INTERNODE LENGTH IN PISUM. THE GENOTYPE OF GOTTSCHALK'S MUTANT 84B

Internode length mutants in peas have proved extremely valuable as research tools in plant physiology (4). For example, Gottschalk's dwarf mutants M26 and M66 have provided the recessive mutations ls and le^d, which, when homozygous, produce plants that are deficient in GA₁ (5,7). These mutants have allowed it to be shown that a clear quantitative relationship occurs between the levels of GA₁ and elongation (7). M84B is a further dwarf mutant produced by Professor Gottschalk (Institut für Genetik, Bonn) from cv Dippes Gelbe Viktoria (DGV) by X-irradiation (Gottschalk, pers. comm.) and it may also be of use in physiological research. The parental cv DGV possesses the internode length genotype le La cry^c Lm Na Lh Ls Lk Lka Lkb Lw Lv (2) and it has the longest internodes of any dwarf variety in our collection at Hobart.

The nature of the mutation in M84B was first examined by crossing M84B to cv DGV. The F₁ possessed marginally longer internodes than the M84B parent and was substantially shorter than the parental cv DGV (Fig. 1). In the F₂ a relatively clear segregation into 50 short and 18 long plants was obtained (Fig. 1). This is in good agreement with a 3:1 segregation (c²₁ = 0.08) suggesting that M84B differs from DGV by possessing a dominant mutation. Although a clear separation across families did not occur in F₃, analysis of F₃ data within families supports this conclusion since progeny from 10 short parents segregated to give 52 short and 16 long plants (c²₁ testing 5:1 = 2.9) while progeny from 8 long F₂ parents bred true (32 plants). If it is assumed that the genetic background is the same in DGV and M84B the degree of dominance can be obtained directly from the F₁ data and, based on the length between nodes 1 and 6, is 0.4. F₃ data support this lack of complete dominance.
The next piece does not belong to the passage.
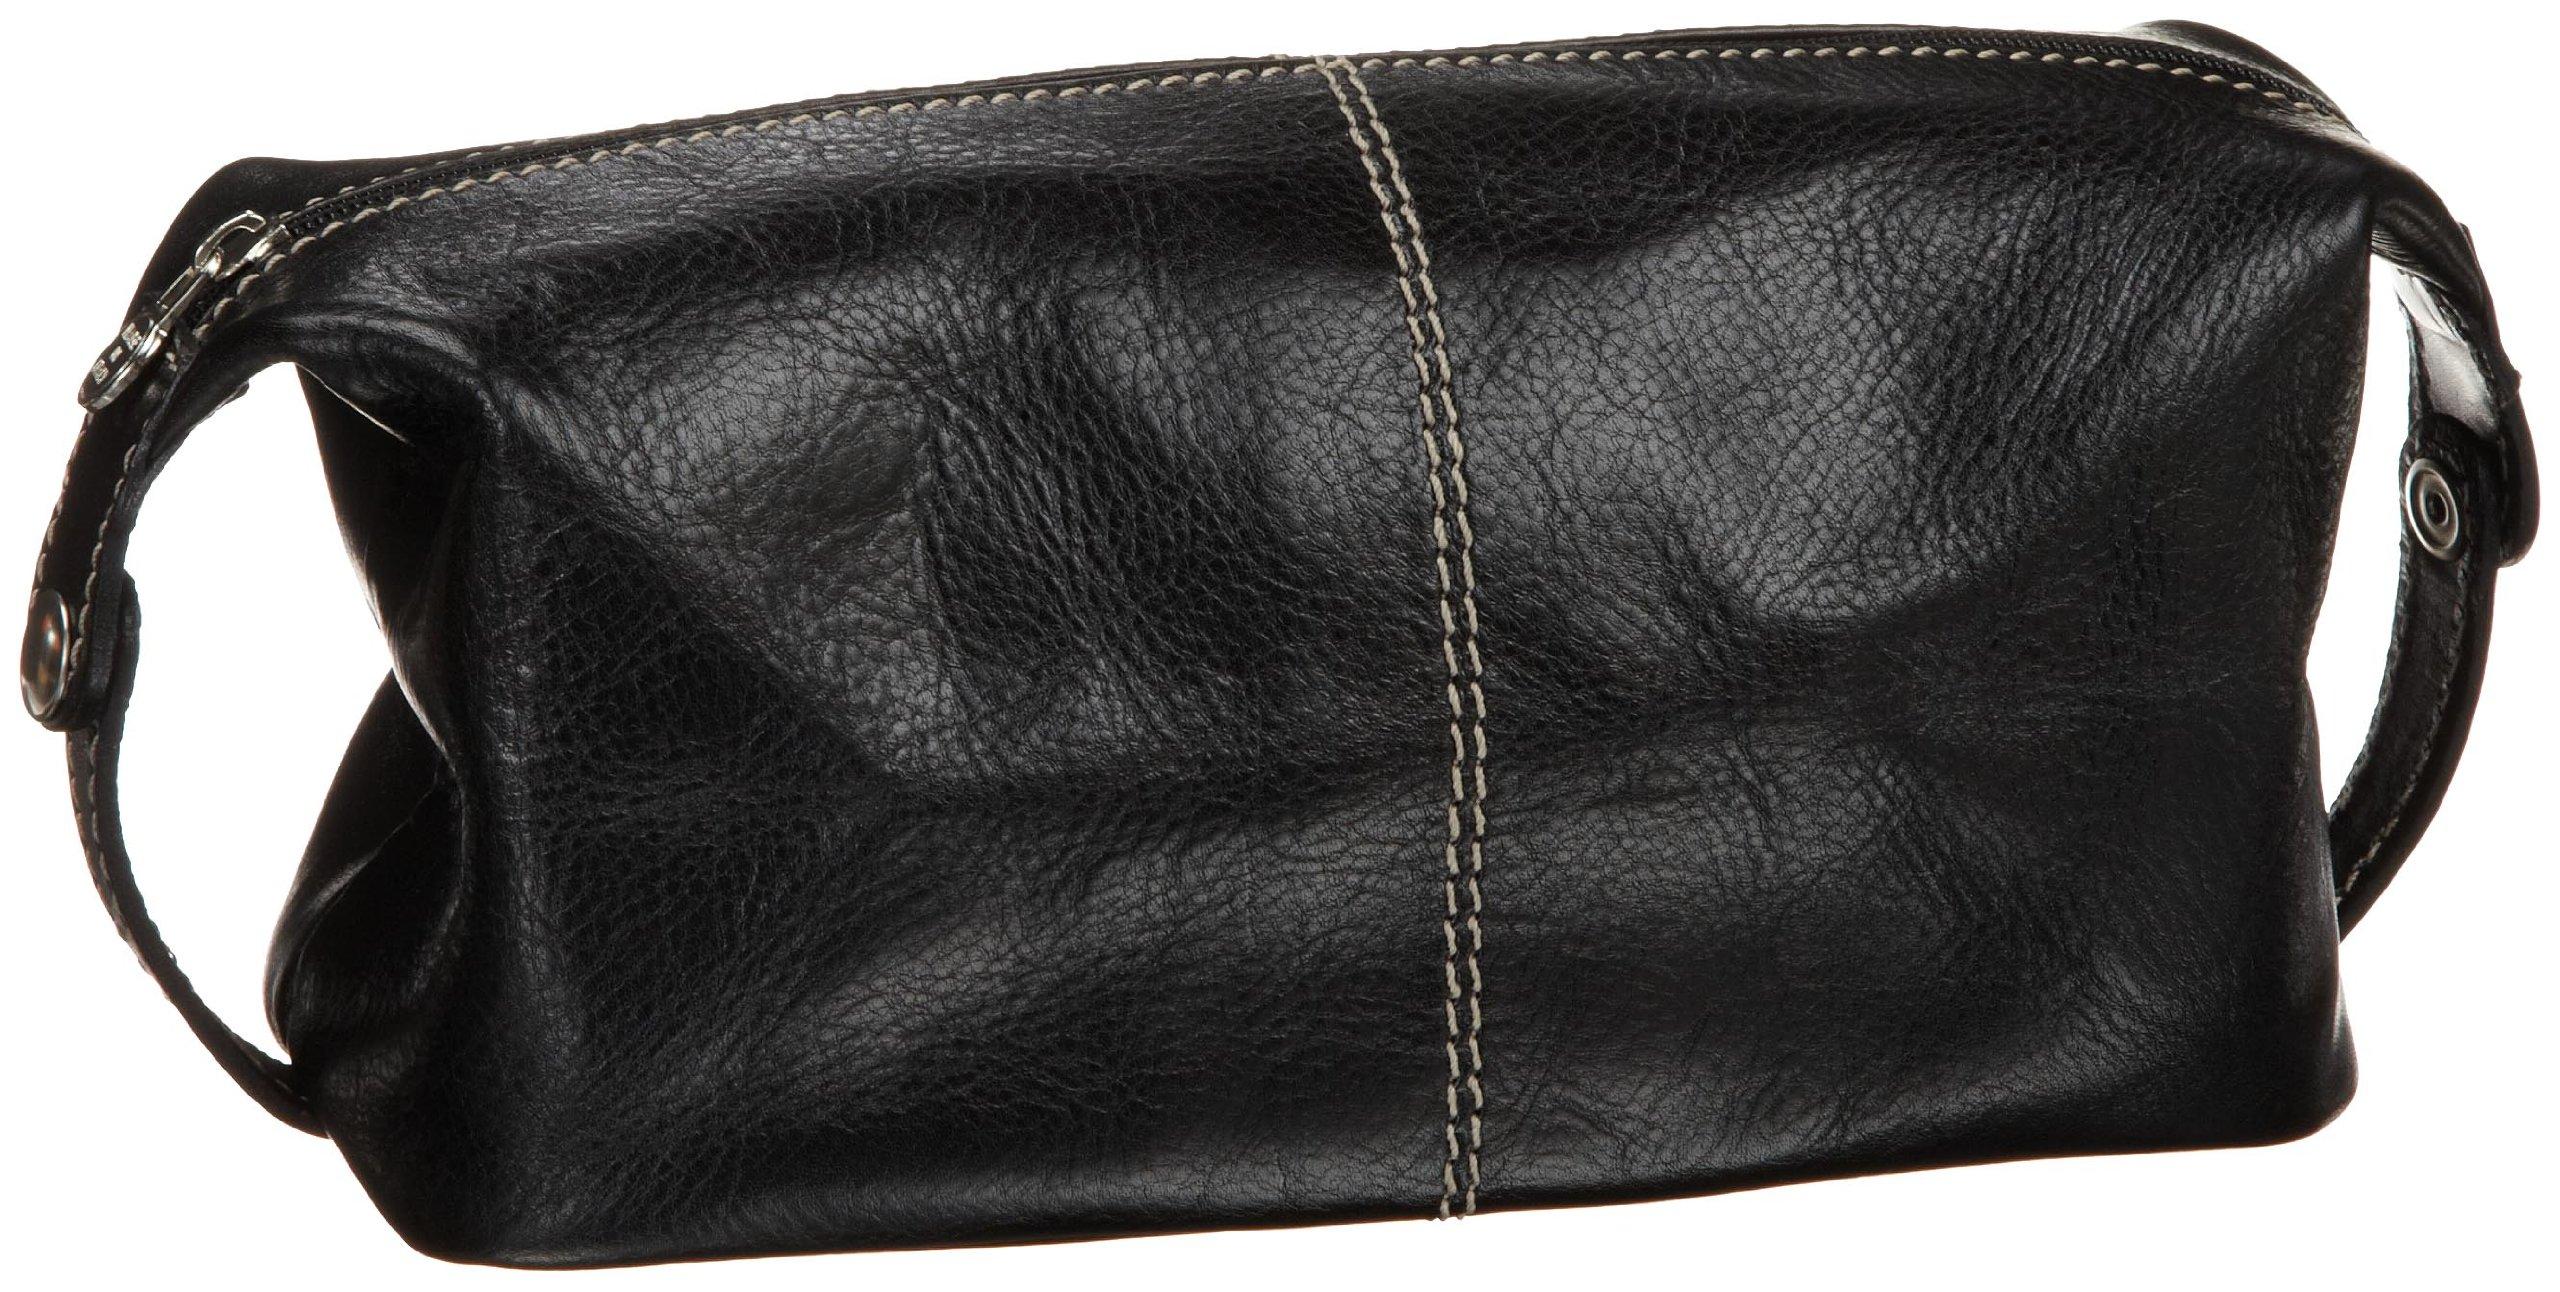 Floto Luggage Venezia Travel Kit,Black,one size

Crosses of both DGV and N84B were made to the Hobart dwarf line 61a (le la Cry Lm Na Ls Lh Lw Lk Lka Lkb Lv; 6). The F₂ of cross 61a x M84B yielded no clear segregation for internode length (Fig. 2a) while the F₂ of cross DGV x 61a segregated to produce 88 dwarf (La and/or Cry) and 8 cryptodwarf (la cry^c) progeny (Fig. 2b). This latter segregation is in agreement with the expected 15:1 ratio (c²₁ = 0.4). The cryptodwarf plants were separated from the dwarf segregates by the stem length between nodes 1 and 4. The dominant mutation in M84B therefore may be at the previously established locus, Cry (1,3,6). The allele cry^c in DGV has probably been replaced in M84B by an allele comparable in effect to Cry. However, whether this is a back-mutation to the wild-type allele at the DNA level remains unknown.

1. de Haan, H. 1927. Genetica 9:481-497.

2. Murfet, I.C. 1988. Ann. Bot. 61:331-345.
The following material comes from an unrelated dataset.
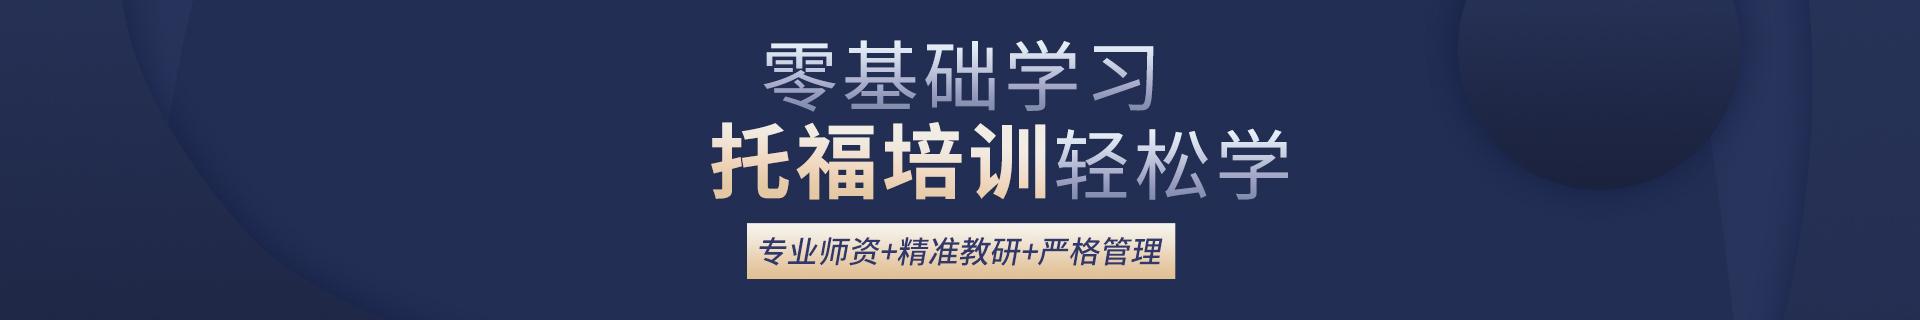 沈阳皇姑区环球教育

3. Rasmusson, J. 1927. Hereditas 10:1-150.

4.  Reid, J.B. 1990. In Plant Growth Substances 1988, Eds R.P. Pharis and S.B. Rood, Springer-Verlag, Heidelberg, pp 74-83.

5. Reid, J.B. and W.C. Potts. 1986. Physiol. Plant. 66:417-426.
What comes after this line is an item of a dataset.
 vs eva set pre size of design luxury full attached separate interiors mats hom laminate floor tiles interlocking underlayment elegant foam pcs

6. Reid, J.B., I.C. Murfet and W.C. Potts. 1983. J. Exp. Bot. 34:349-364.

7. Ross, J.J., J.B. Reid, P. Gaskin and J. MacMillan. 1989. Physiol. Plant. 76:173-176.

Fig. 1. Stem length between nodes 1 and 4 versus stem length between nodes 4 and 6 for the F₁ (□), F₂ (■, D) and parents of cross DGV (●) x N84B (○). F₃ progenies were grown from the F₂ plants indicated (D). The photoperiod was 18 h.

Fig. 2. Stem length between nodes 1 and 4 versus stem length between nodes 4 and 6 for the F₂ of crosses 61a x M84B (Fig. 2a) and DGV x 61a (Fig. 2b).